Kunstpreis Europas Zukunft

Der Kunstpreis Europas Zukunft wird seit 2003 jährlich vergeben. Der mit 5.000 Euro dotierte Preis wurde von Matthias Brühl in Zusammenarbeit mit der GfZK ins Leben gerufen. Fünf Fachleute werden um jeweils drei Vorschläge gebeten, die Entscheidung für den/die Preisträger_in trifft eine für drei Jahre berufene Jury. Der Preis ist mit einer Ausstellung in der GfZK verbunden.
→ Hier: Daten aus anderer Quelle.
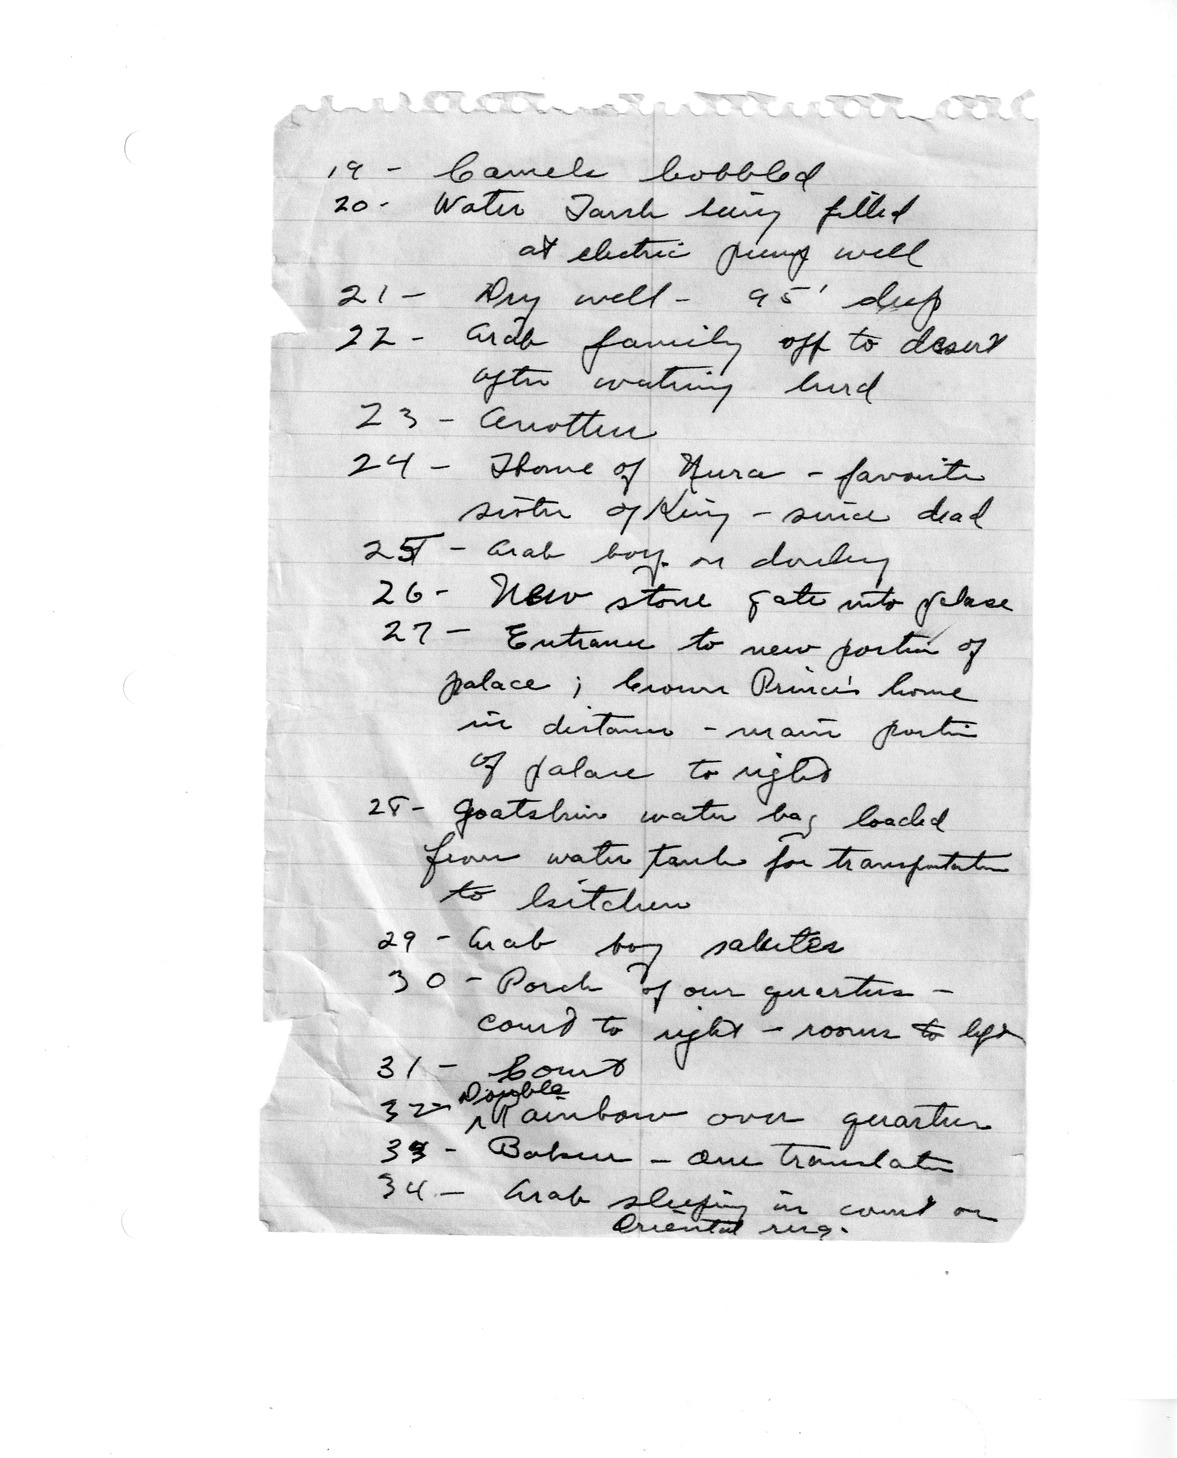 Handwritten Notes by Dr. Darrell Crain Describing Slides

2019 erhielt der Künstler Christian Nyampeta diese Auszeichnung. Nyampeta verbindet in seiner künstlerischen Praxis Kunst, Design und Philosophie, häufig unter Fragestellungen der postkolonialen Kritik. Seine Arbeiten sind Beiträge zu den zentralen Fragen: Wie lassen sich Wege des guten Zusammenlebens heute finden? Und worauf basieren unsere Wahrnehmungen voneinander? Anknüpfungspunkte hierfür findet er im Erforschen postkolonialer Lebenswelten, der Geschichte der Philosophie in Europa und im subsaharischen Afrika, sowie in der dekolonisierenden Aufarbeitung von Archiven und Museen. In seiner Neuproduktion How to Live Together, die für Herbst 2021 geplant ist, widmet sich Nyampeta (post)kolonialen Erzählungen und Fiktionen aus einer deutschen Perspektive heraus. Ausgangspunkt ist die intensive Recherche in Archiven, wie etwa dem Archiv der Afrikamissionare, Weisse Väter in Köln, der Spezialsammlung Afrika an der Goethe-Universität in Frankfurt sowie dem Archiv für Geografie des Leibniz-Instituts für Länderkunde in Leipzig. Ein Schwerpunkt des Materials ist der Nachlass Hans Meyers, einer der bekanntesten Forschungsreisenden Ruandas in der Kolonialzeit Deutschlands.